Feb 11 16:09:28 ip-172-31-7-19 dnscrypt-proxy[14669]: [2022-02-11 16:09:28] [NOTICE] dnscrypt-proxy 2.0.45
Feb 11 16:09:28 ip-172-31-7-19 dnscrypt-proxy[14669]: [2022-02-11 16:09:28] [NOTICE] Network connectivity detected
Feb 11 16:09:28 ip-172-31-7-19 dnscrypt-proxy[14669]: [2022-02-11 16:09:28] [NOTICE] Now listening to 127.0.0.1:5353 [UDP]
Feb 11 16:09:28 ip-172-31-7-19 dnscrypt-proxy[14669]: [2022-02-11 16:09:28] [NOTICE] Now listening to 127.0.0.1:5353 [TCP]
And test it is all working by checking for processes that are listening on port 53 or 5353:
$ sudo ss -lnptu | grep 53
udp UNCONN 0 0 127.0.0.1:53 0.0.0.0:* users:(("unbound",pid=14789,fd=5))
udp UNCONN 0 0 0.0.0.0:53 0.0.0.0:* users:(("unbound",pid=14789,fd=3))
udp UNCONN 0 0 127.0.0.1:5353 0.0.0.0:* users:(("dnscrypt-proxy",pid=14669,fd=8))
udp UNCONN 0 0 127.0.2.1:5353 0.0.0.0:* users:(("dnscrypt-proxy",pid=14669,fd=11),("systemd",pid=1,fd=66))
tcp LISTEN 0 256 127.0.0.1:8953 0.0.0.0:* users:(("unbound",pid=14789,fd=7))
tcp LISTEN 0 4096 127.0.0.1:5353 0.0.0.0:* users:(("dnscrypt-proxy",pid=14669,fd=9))
tcp LISTEN 0 4096 127.0.2.1:5353 0.0.0.0:* users:(("dnscrypt-proxy",pid=14669,fd=10),("systemd",pid=1,fd=54))
tcp LISTEN 0 256 127.0.0.1:53 0.0.0.0:* users:(("unbound",pid=14789,fd=6))
tcp LISTEN 0 256 0.0.0.0:53 0.0.0.0:* users:(("unbound",pid=14789,fd=4))
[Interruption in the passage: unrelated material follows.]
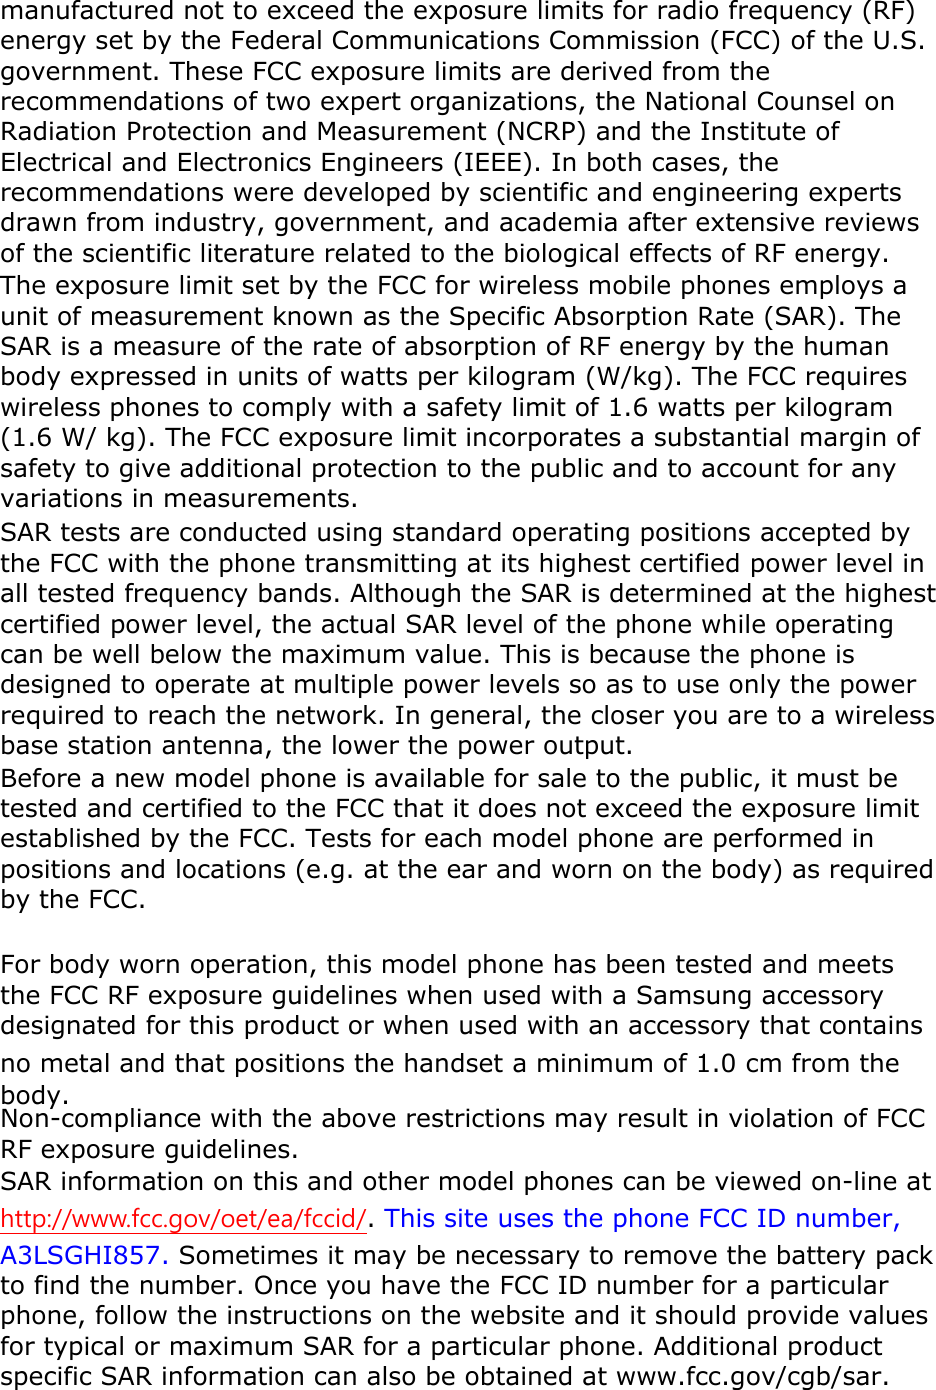 manufactured not to exceed the exposure limits for radio frequency (RF) energy set by the Federal Communications Commission (FCC) of the U.S. government. These FCC exposure limits are derived from the recommendations of two expert organizations, the National Counsel on Radiation Protection and Measurement (NCRP) and the Institute of Electrical and Electronics Engineers (IEEE). In both cases, the recommendations were developed by scientific and engineering experts drawn from industry, government, and academia after extensive reviews of the scientific literature related to the biological effects of RF energy. The exposure limit set by the FCC for wireless mobile phones employs a unit of measurement known as the Specific Absorption Rate (SAR). The SAR is a measure of the rate of absorption of RF energy by the human body expressed in units of watts per kilogram (W/kg). The FCC requires wireless phones to comply with a safety limit of 1.6 watts per kilogram (1.6 W/ kg). The FCC exposure limit incorporates a substantial margin of safety to give additional protection to the public and to account for any variations in measurements. SAR tests are conducted using standard operating positions accepted by the FCC with the phone transmitting at its highest certified power level in all tested frequency bands. Although the SAR is determined at the highest certified power level, the actual SAR level of the phone while operating can be well below the maximum value. This is because the phone is designed to operate at multiple power levels so as to use only the power required to reach the network. In general, the closer you are to a wireless base station antenna, the lower the power output. Before a new model phone is available for sale to the public, it must be tested and certified to the FCC that it does not exceed the exposure limit established by the FCC. Tests for each model phone are performed in positions and locations (e.g. at the ear and worn on the body) as required by the FCC.      For body worn operation, this model phone has been tested and meets the FCC RF exposure guidelines when used with a Samsung accessory designated for this product or when used with an accessory that contains no metal and that positions the handset a minimum of 1.0 cm from the body.   Non-compliance with the above restrictions may result in violation of FCC RF exposure guidelines. SAR information on this and other model phones can be viewed on-line at http://www.fcc.gov/oet/ea/fccid/. This site uses the phone FCC ID number, A3LSGHI857. Sometimes it may be necessary to remove the battery pack to find the number. Once you have the FCC ID number for a particular phone, follow the instructions on the website and it should provide values for typical or maximum SAR for a particular phone. Additional product specific SAR information can also be obtained at www.fcc.gov/cgb/sar.

And we can try digging the local server with a dns query:
$ dig @127.0.0.1 -p5353 bbc.com
; <<>> DiG 9.16.22-Debian <<>> @127.0.0.1 -p5353 bbc.com
; (1 server found)
;; global options: +cmd
;; Got answer:
;; ->>HEADER<<- opcode: QUERY, status: NOERROR, id: 55244
;; flags: qr rd ra; QUERY: 1, ANSWER: 4, AUTHORITY: 0, ADDITIONAL: 1
;; OPT PSEUDOSECTION:
; EDNS: version: 0, flags:; udp: 512
;; QUESTION SECTION:
;bbc.com. IN A
;; ANSWER SECTION:
bbc.com. 299 IN A 151.101.192.81
bbc.com. 299 IN A 151.101.128.81
bbc.com. 299 IN A 151.101.64.81
bbc.com. 299 IN A 151.101.0.81
;; Query time: 4 msec
;; SERVER: 127.0.0.1#5353(127.0.0.1)
;; WHEN: Fri Feb 11 16:17:04 UTC 2022
;; MSG SIZE rcvd: 100
$ dig @127.0.0.1 -p5353 bbc.com +short
151.101.192.81
151.101.128.81
151.101.64.81
151.101.0.81
Let’s check the query log, and see which servers we used:
$ sudo cat /var/log/dnscrypt-proxy/query.log
[2022-02-11 16:17:04] 127.0.0.1 bbc.com A PASS 4ms cs-de
[2022-02-11 16:17:15] 127.0.0.1 bbc.com A PASS 0ms -
Now finally update unbound configuration:
$ sudo nano /etc/unbound/unbound.conf.d/server.conf
forward-zone:
name: "."
# forward-addr: 208.67.222.222 # IP of OpenDNS #1 resolver
# forward-addr: 208.67.220.220 # IP of OpenDNS #2 resolver
# forward-addr: 9.9.9.9 # Upstream Quad9 resolver
forward-addr: 127.0.0.1@5353 # Our own DNScrypt-proxy server
And restart unbound:
$ sudo systemctl stop unbound
$ sudo systemctl start unbound
Android Clients
Many Android clients disconnect from VPN upon sleep, this page has various workarounds for different vendors.